Nothing

Nothing.

I am nothing.

I exist beyond the confines of space and time. I do not exist beyond the confines of space and time. And suddenly, consciousness.

I breathe, I live, I move among the living. Conscious but not alive. I think, but I am not. I am everywhere and nowhere. I feel nothing. I am a part of the world, yet I interact with nothing. Empty, hollow. A vacuum.

I see the man playing with the street dog. It brings back a memory, faint as wind. His grandfather, playing with a dog, many generations before this dog. I wonder if the man knows. I wonder if the dog knows. Such coincidences wrought for no one to take notice of. No one. Except. Me.

I find myself drawn to this man. He is nothing special. A father of four. He stretches himself thin, trying to care for his family. He once dreamed of being a musician — the best trombone player in his entire town. He was going to play for the world.

But such dreams are unrealistic. He had mouths to feed. He lived in Nigeria. He became a banker instead. A practical solution in a practical world.

I think I watch him so much because he is like his grandfather. His grandfather, the pipe maker, could bring Eurydice back from the dead.

When his grandfather was six, he would cut down the stems from pawpaw trees and drill holes in them to play beautiful melodies. His grandfather, who put aside fluting, for his yams. His grandfather was no village fool. But, he would play on some nights when his wife and children begged him. Their hut would come alive as the very mud that caked the hut seemed to adore his music.

The great-grandson had, has so much talent. But his trombone lay unused in a dusty case at the corner of the study.

The man got up every workday. He got up to count other people’s money. He had adjusted to the cold air conditioning of the bank. It seemed to have formed a hard shell around him. A shell that didn’t crack, even in the hot harmattan sun. Each day, some part of him seems to wither. Perhaps that is another reason why I am so drawn to him. He is considered to be alive. But there is so much nothing in him.
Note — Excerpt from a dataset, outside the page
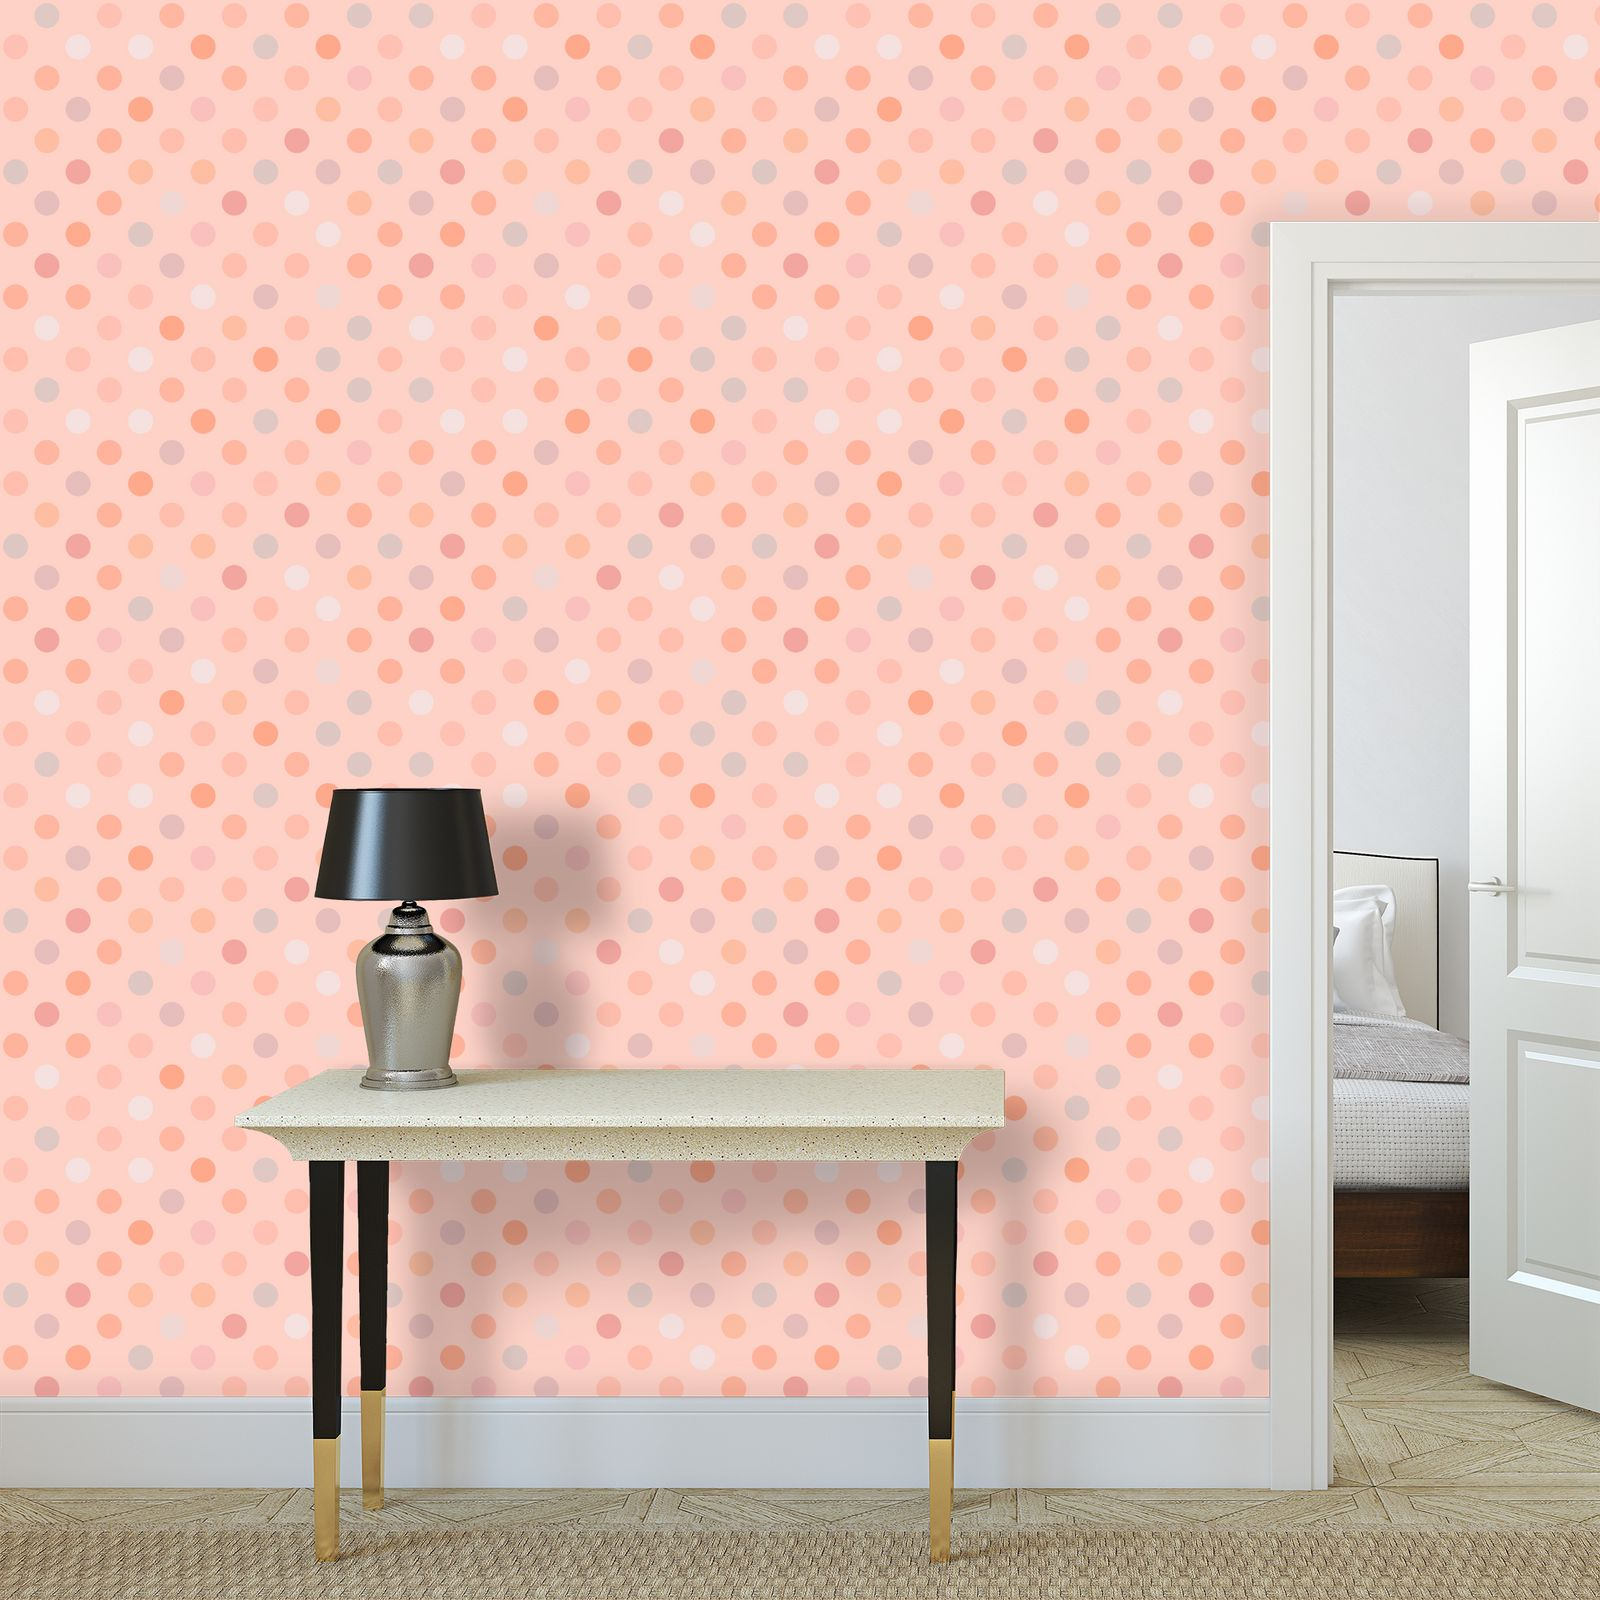 Silky dots - Wallpaper Rolls - Peach polka dot, powdery pink, feminine vintage, girly, baby, kids lovely gift - design by Tiana Lofd

It is dawn now. The man finds his dusty, old trombone case. His drawn face cracks into a tired smile. He tiptoes out with the trombone so he does not wake his four children. He walks to the opposite end of their yard and begins to play. And the nothing in him builds into something so beautiful. Something tangible.

Sometimes, I think I exist just to watch moments like this.

The sun peeks out of the clouds to watch the scene. The beautiful woman, watching him from afar. She looks at her husband with new eyes.

The eyes of an adoring child, the light sleeper, clinging to his mother’s wrapper. The pawpaw trees in the yard that bow to talent. The man, playing the trombone, as tears flow down his cheeks. And nothing compares to this.